Happy 25th Anniversary to Digital Underground’s fourth studio album Future Rhythm, originally released June 4, 1996.
Greg “Shock G” Jacobs conceived Digital Underground as funk warriors. Inspired by George Clinton of Parliament-Funkadelic, he brought together an eclectic collection of rappers, vocalists, musicians, and producers during the late 1980s. Based in the Bay Area, the group championed the funk and made high concept long-players that honored the vision of Clinton and the crew.
The problem was, by the time the mid-1990s rolled around, the group believed things were getting stagnant. Their record label wanted them to regurgitate the same hit over and over again, and the collective felt stifled. With Future Rhythm, their fourth full-length affair, they changed their approach, and dropped one of their most imaginative albums.
Future Rhythm was Digital Underground’s first album not released by Tommy Boy Records. The crew’s relationship with Tommy Boy had grown increasing acrimonious as the years passed. Shock G later contended that the group grew frustrated with the label’s obsession with the Humpty Hump character.
“We kept telling them that we didn’t want to tell the same joke over and over,” Shock G explained in a 2010 Vibe interview. “But Tommy Boy felt it was our bread and butter. … They were really starting to piss us off. We were fighting for our lives. … They were just trying to streamline us down to the gimmick of Humpty Hump. That was never what Digital Underground was about.”
After their third album The Body-Hat Syndrome (1993) did relatively poor in terms of sales, Tommy Boy released the group from its seven-album contract. A few years later, Digital Underground released an untitled cassette independently, which served as an early version of what would become Future Rhythm, to Bay Area record stores. The 10-song version of the album featured only the words “Digital Underground featuring Luniz & Del” and “Executive Produced By: Wet Records” on the cover and spine. A high school friend mailed the tape out to me while I was away at college in Philadelphia, since it seemed unlikely that it would find its way out to the East Coast otherwise.
The song “We Got More,” featuring the Luniz, would appear on the Don’t Be a Menace to South Central While Drinking Your Juice in the Hood soundtrack in early 1996. Months later, Critique/BMG Records would officially release Future Rhythm. It features seven songs that had already appeared on the independent cassette, plus a few new songs, interludes, and a remix. Some of the songs from the initial version would pop up later on Digital Underground’s compilation The Lost Files (1999).

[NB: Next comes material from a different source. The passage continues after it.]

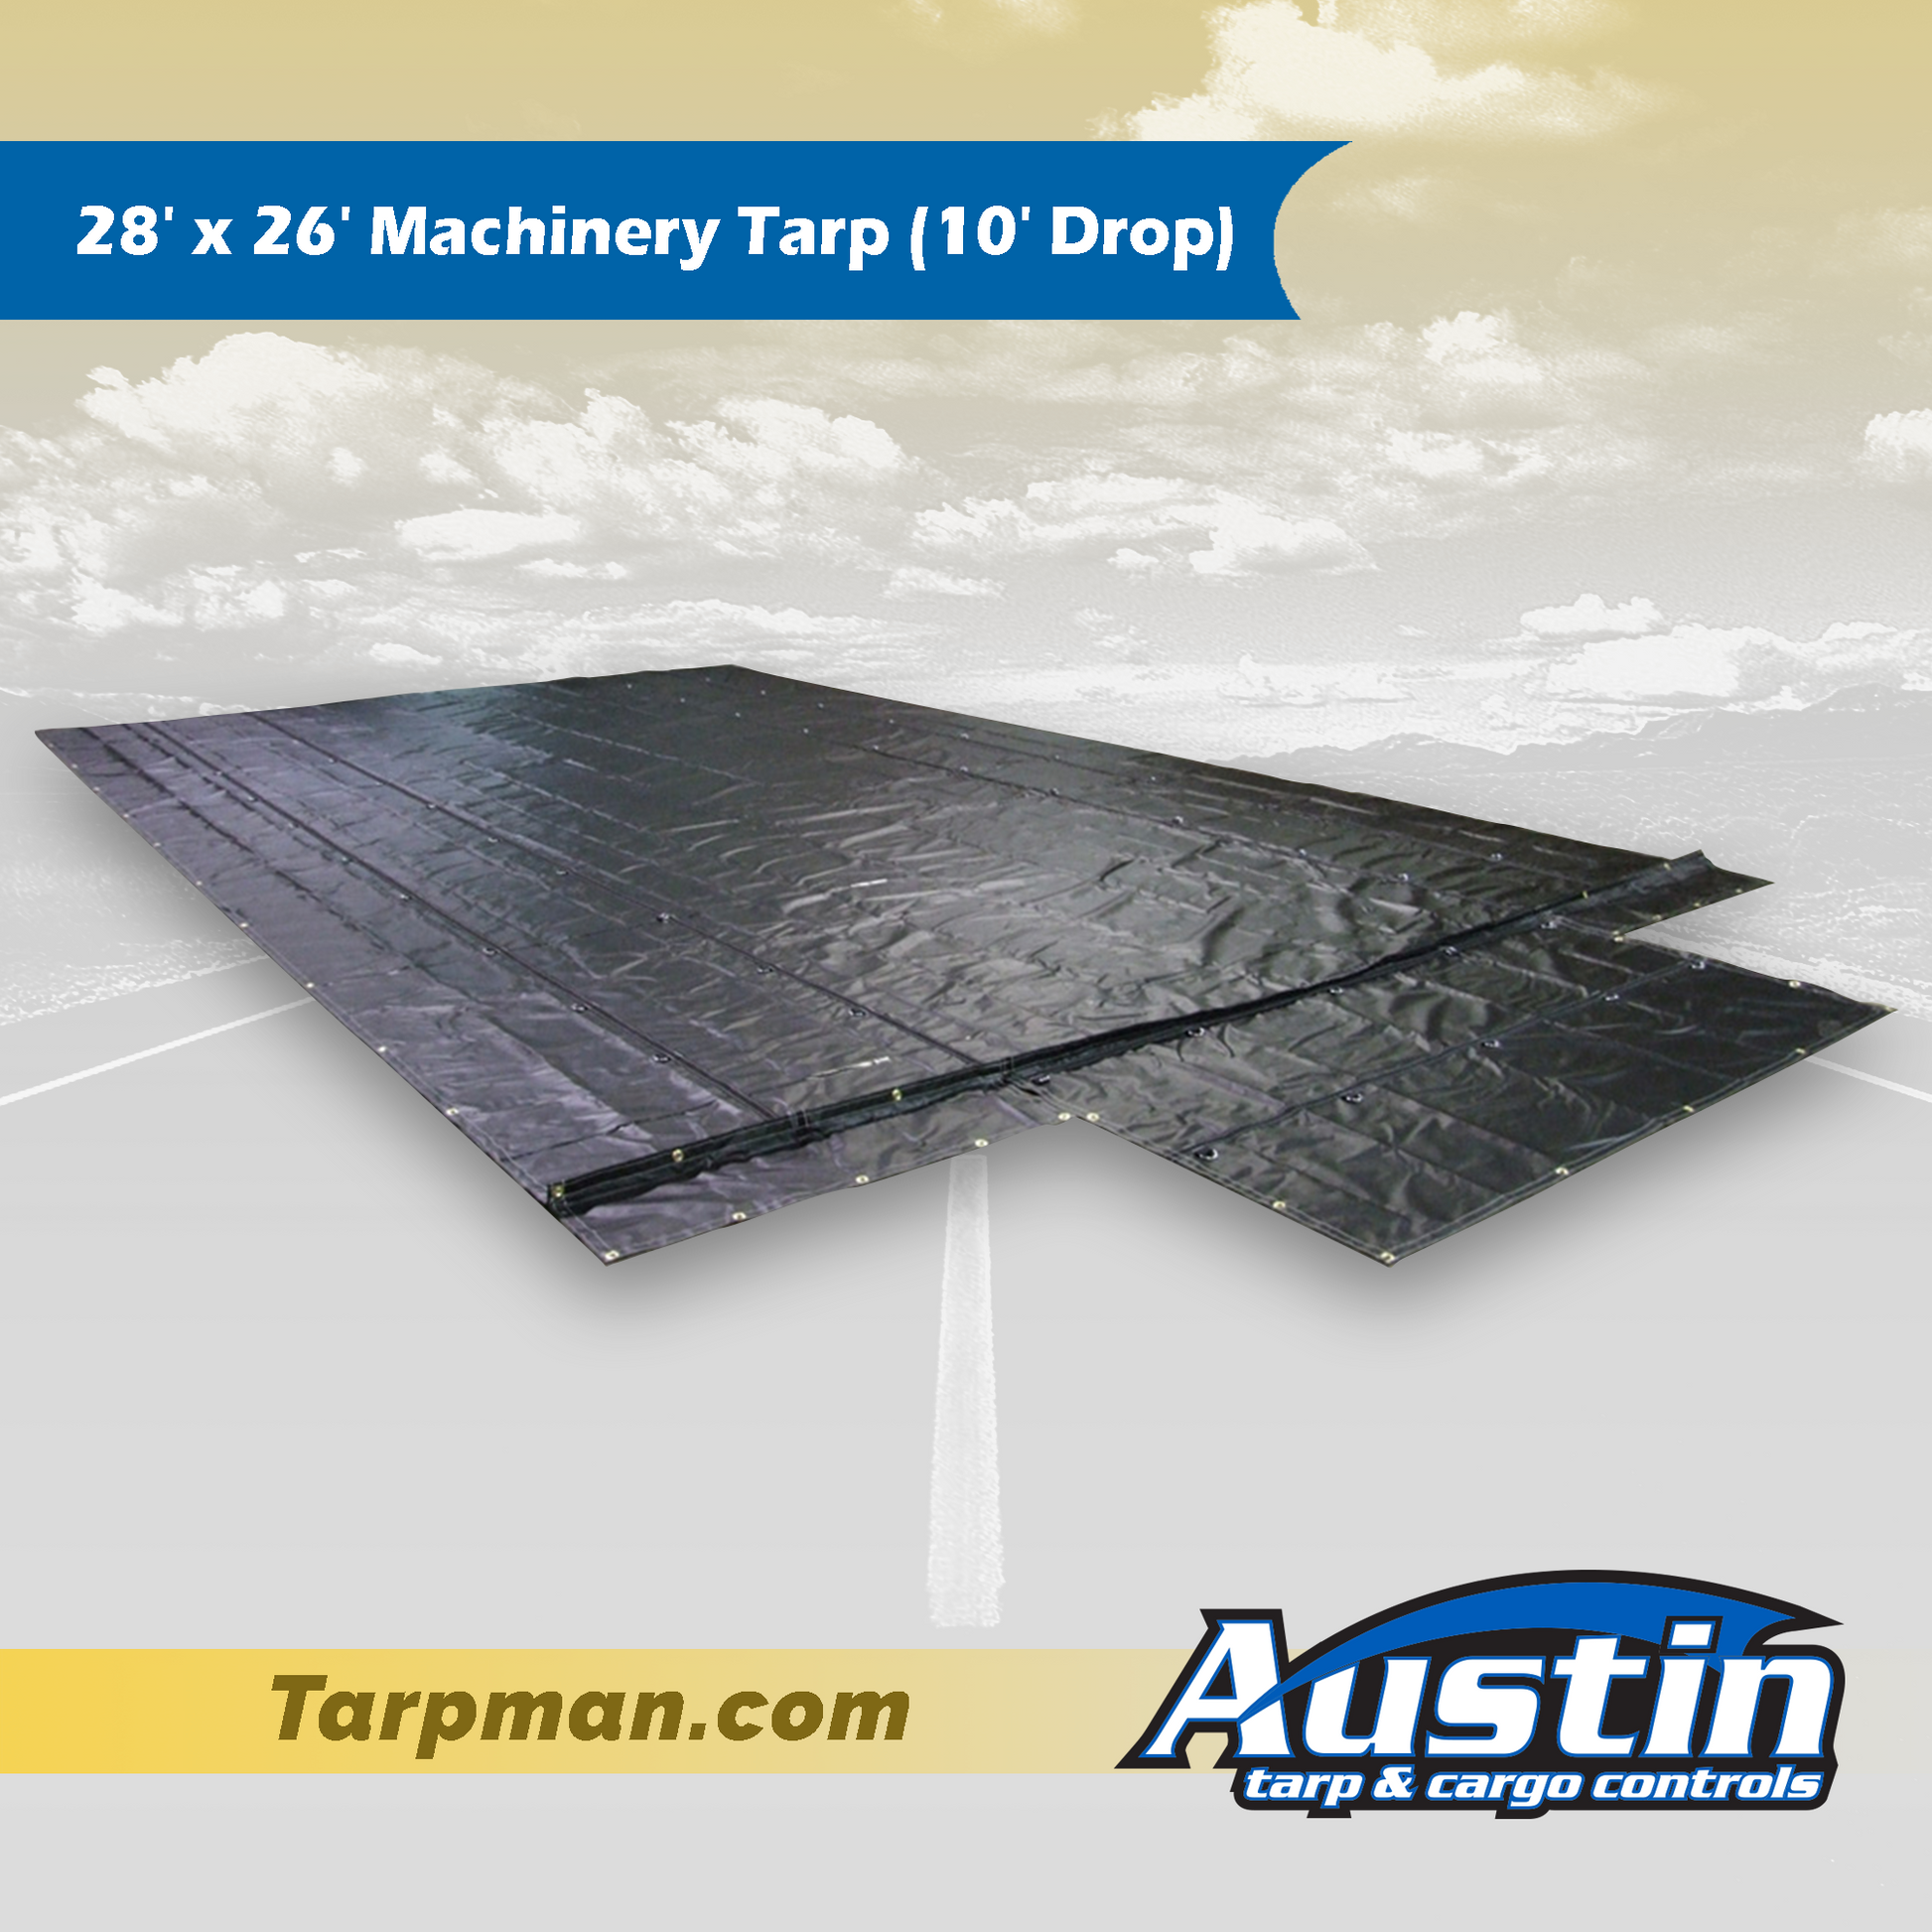 28' x 26' Machinery Tarp (10' Drop) Tarpman.com | Austin Tarp & Cargo Controls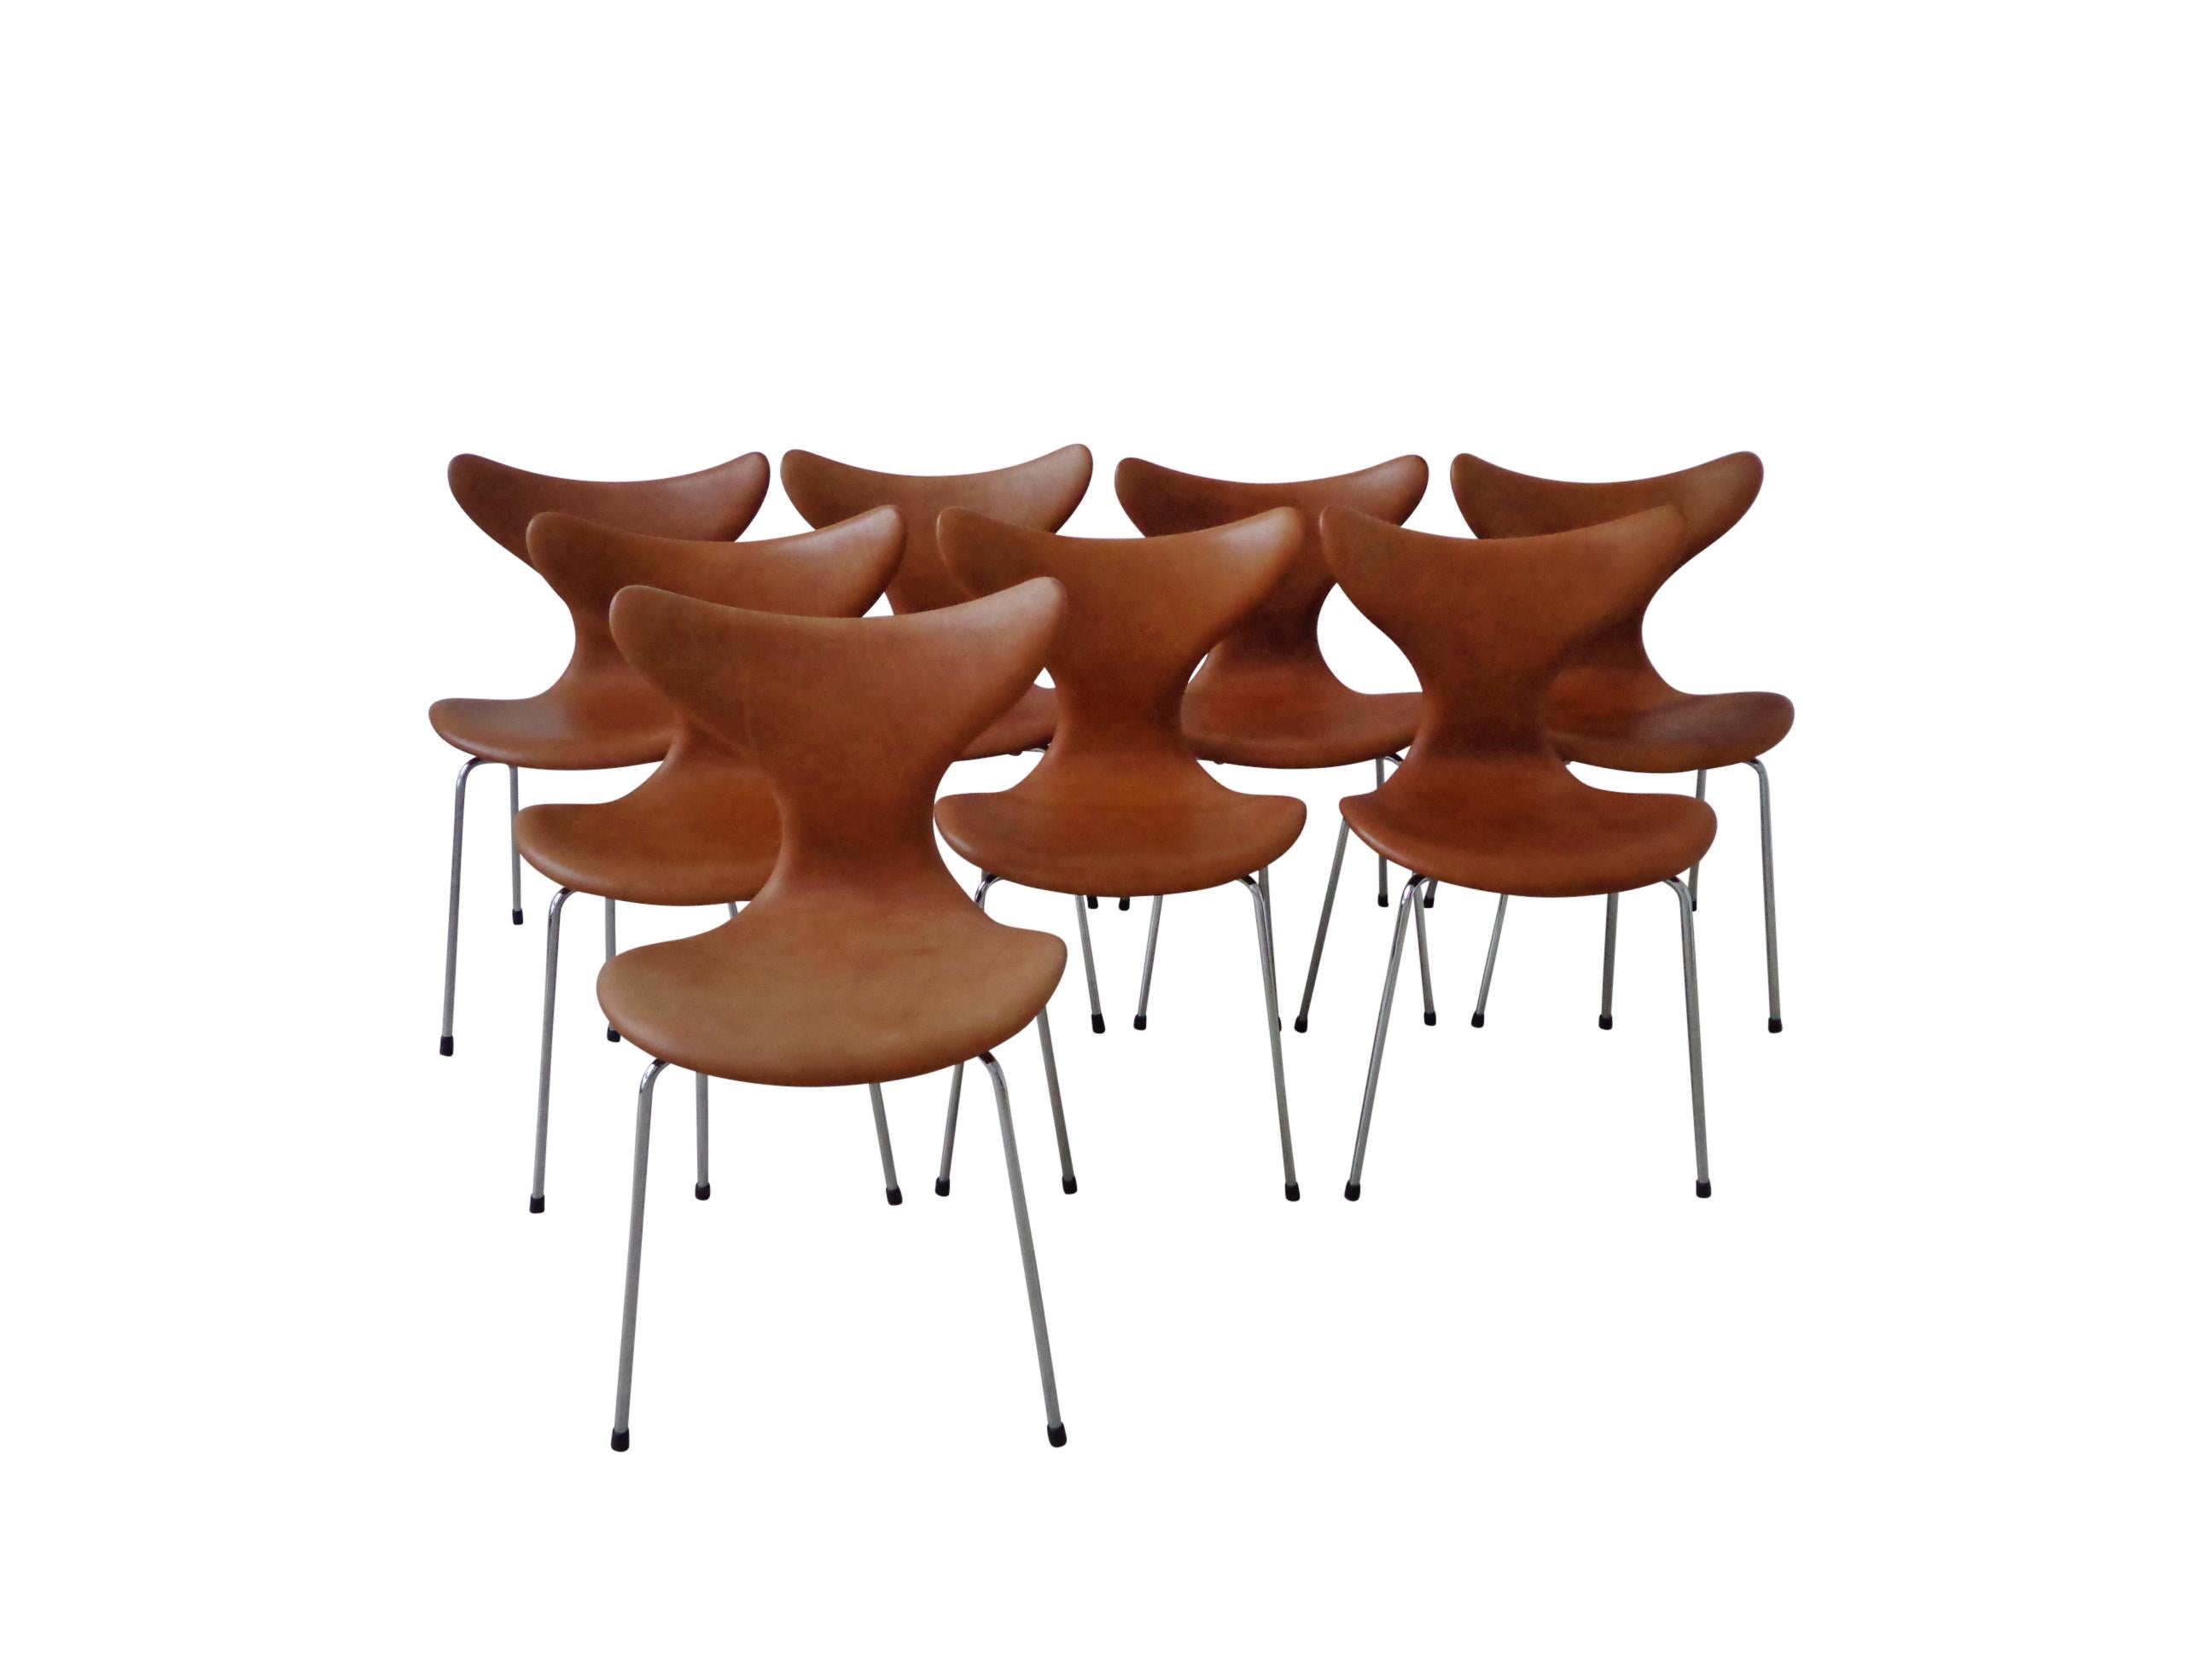 Un ensemble de 8 chaises de salle à manger, modèle Lily 3108, conçu par Arne Jacobsen en 1970, fabriqué par Fritz Hansen. Arne Jacobsen a d'abord créé la chaise Lily, aux courbes élégantes, pour la Danmarks Nationalbank. Les chaises sont en très bon

Future Rhythm definitely feels like a different type of Digital Underground album. The madcap, seat-of-the-pants, almost zany vibe built into their previous releases is largely absent. Other albums felt like extended parties, and this one…doesn’t. That’s not to say that the fun is gone, but the album reflects a different side of Shock G’s creativity. “I was going through all types of weird shit during this album,” Shock G explained to Vibe. “I didn’t know who I was that year.”
Regardless, Shock G found himself rejuvenated while putting together Future Rhythm. “[I]t was fun because D.U. had that creative freedom of no longer being on Tommy Boy,” he added. “I could experiment again and I was back to having fun recording like I was before the music industry.”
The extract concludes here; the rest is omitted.